Chalut les humains,
Vous le savez, mon nom est inspiré d’un célèbre film de cape et d’épée avec Stewart Granger, parce que petit, je ne kiffais rien tant que de me battre en duel avec les plantes vertes et bondir partout. Aujourd’hui encore, pendant mon quart d’heure de folie, j’aime à me glisser dans la peau d’un de ces héros virtuoses de l’escrime qui faisaient le bonheur des films hollywoodiens d’antan, les chevaliers, les mousquetaires… Et aussi, quand je suis d’humeur canaille, les pirates.
Ah! La joie de grimper aux rideaux du salon comme un moussaillon grimpe le long du mât, le plaisir de creuser dans les sacs de litières neufs pour y chercher des trésors – on en trouve jamais, certes, mais je peux alors y enterrer les miens… – la satisfaction ineffable de tendre une embuscade à mon marin d’eau douce de maître, quand il est en tranquillement en train de naviguer sur le net, à la pêche aux informations pour écrire sa nouvelle critique… Hi hi hi, appelez-moi, Capitaine Scaramouche, le pirate des Scara-ïbes…
D’ailleurs, c’est justement du quatrième épisode de la saga Pirates des Caraïbes, La Fontaine de Jouvence, dont je dois vous parler aujourd’hui.
Après un premier volet réussi, dans la grande tradition du film d’aventures à l’ancienne, puis deux suites un peu longuettes, il était temps de donner un nouveau souffle à cette série populaire en changeant d’enjeux et de personnages.
Quoi !?! Les scénaristes auraient évincé le Capitaine Jack Sparrow ??? Vite, qu’on les jette par dessus bord!
Oulah, non, rassurez-vous, incarné avec malice et, apparemment, beaucoup de plaisir par Johnny Depp, le fameux pirate est toujours là… Tout comme son vieil ennemi Barbossa (Geoffrey Rush), qui s’est engagé comme corsaire au service de la couronne britannique pour redorer son blason…
En revanche, exit Keira Knightley et Orlando Bloom qui doivent laisser la place à la bouillante Penelope Cruz, qui incarne Angelica, une femme-pirate au caractère bien trempé et au sabre virevoltant, ancienne maîtresse de Sparrow, à un prêtre dont la foi est mise à rude épreuve (Sam Claflin) et, pour corser l’affaire, au terrible Barbe Noire (Ian McShane)…

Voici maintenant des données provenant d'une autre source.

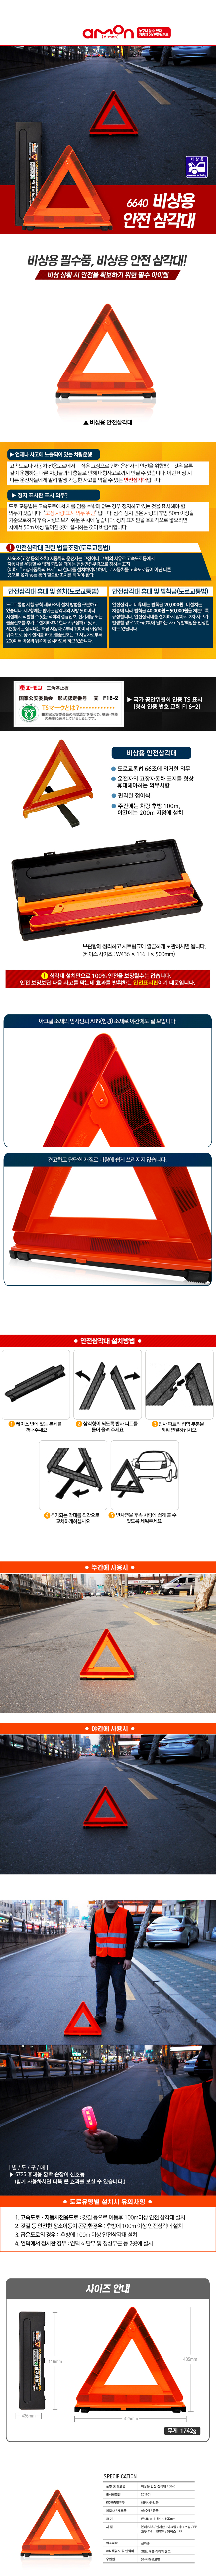 AMON 6640 비상용 필수품 안전삼각대 반사판 교통 안전용품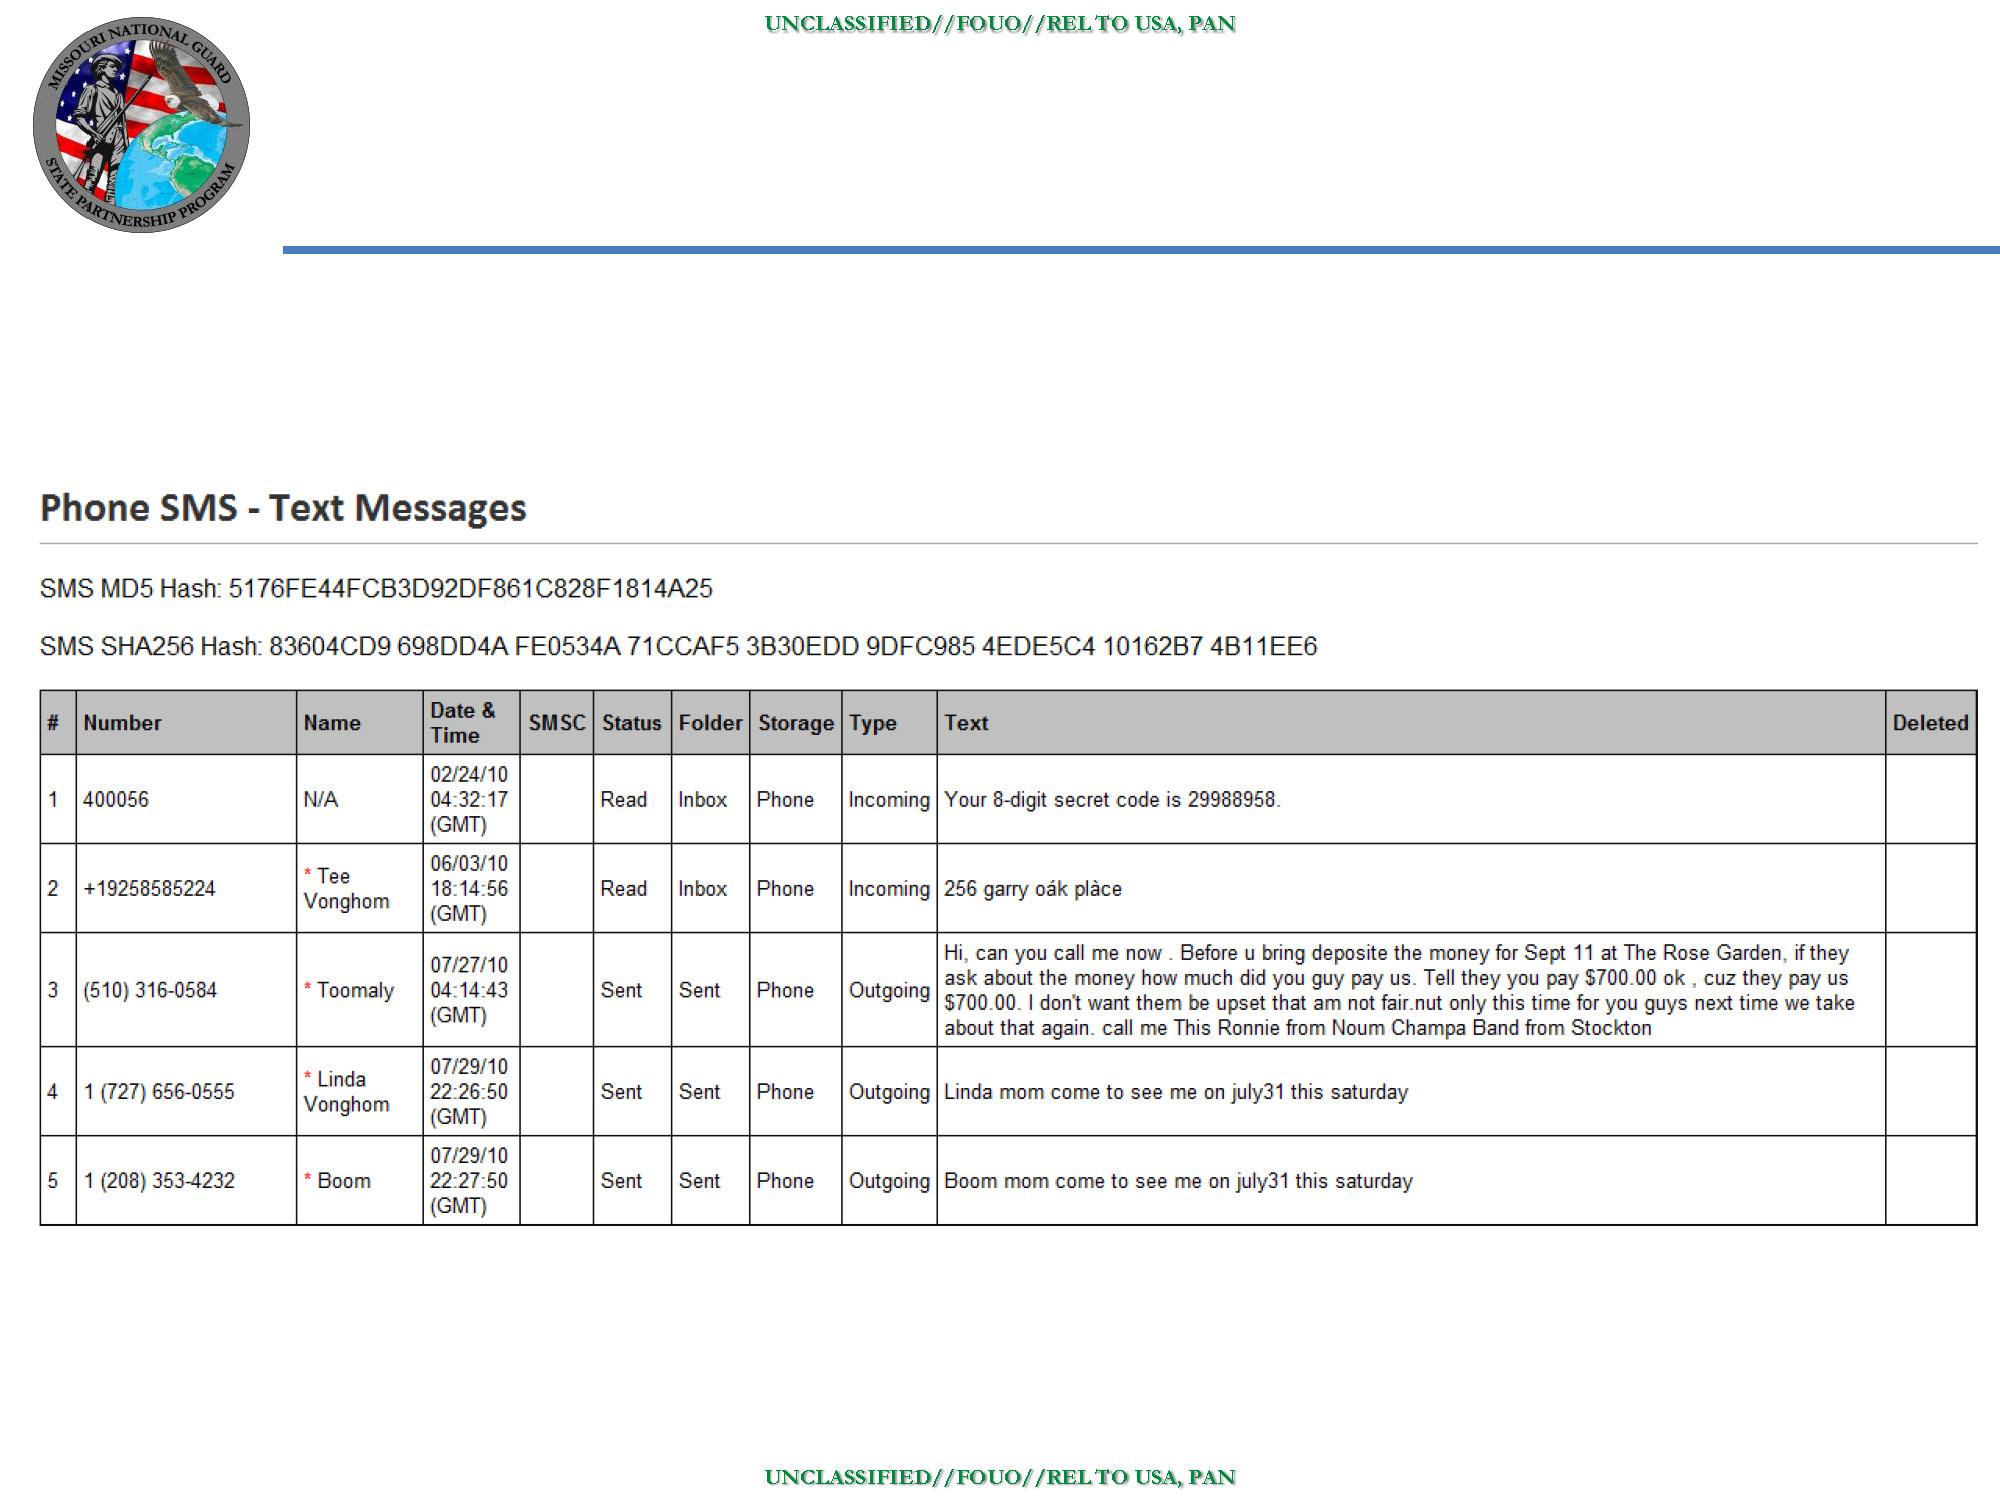 MO-PA-Surveillance-2_Page_74

L’enjeu de cette nouvelle aventure est, comme l’indique le titre, la légendaire fontaine de jouvence, capable de prolonger la vie de celui qui sait où la trouver, et comment l’utiliser. Jack Sparrow la cherche depuis longtemps, et, muni de sa boussole ensorcelée, est sur le point de toucher au but.
Mais il n’est pas le seul à convoiter la fameuse fontaine, loin de là! Barbe Noire la cherche aussi, ainsi que Barbossa, les officiers anglais et les espagnols…
Cela donne lieu à une belle chasse au trésor, pleine de coups fourrés, de trahisons et d’alliances contre nature, d’héroïsme et de lâcheté, de combats épiques et de créatures fantastiques…
Ah, au fait, pour ceux qui se souviennent encore avec émotion de La Petite Sirène de John Musker et Ron Clements et qui croient encore que les sirènes sont de douces et aimables créatures, préparez-vous à un choc. Ici, les belles hybrides femmes/poissons aguichent les hommes pour mieux les entraîner au fond de l’océan et sucer leur – hé, qu’est-ce que vous allez imaginer, là… – leur énergie vitale, telles des vampires…
Et là où vont nos héros, il y en a un paquet… Je vous laisse imaginer le carnage !
L’attaque des sirènes est sans doute la scène la plus spectaculaire du film, et la plus appréciable, avec l’introduction, qui voit Jack Sparrow se jouer de la justice britannique et tenter une spectaculaire évasion, digne des grands films de cape et d’épée que j’évoquais plus haut.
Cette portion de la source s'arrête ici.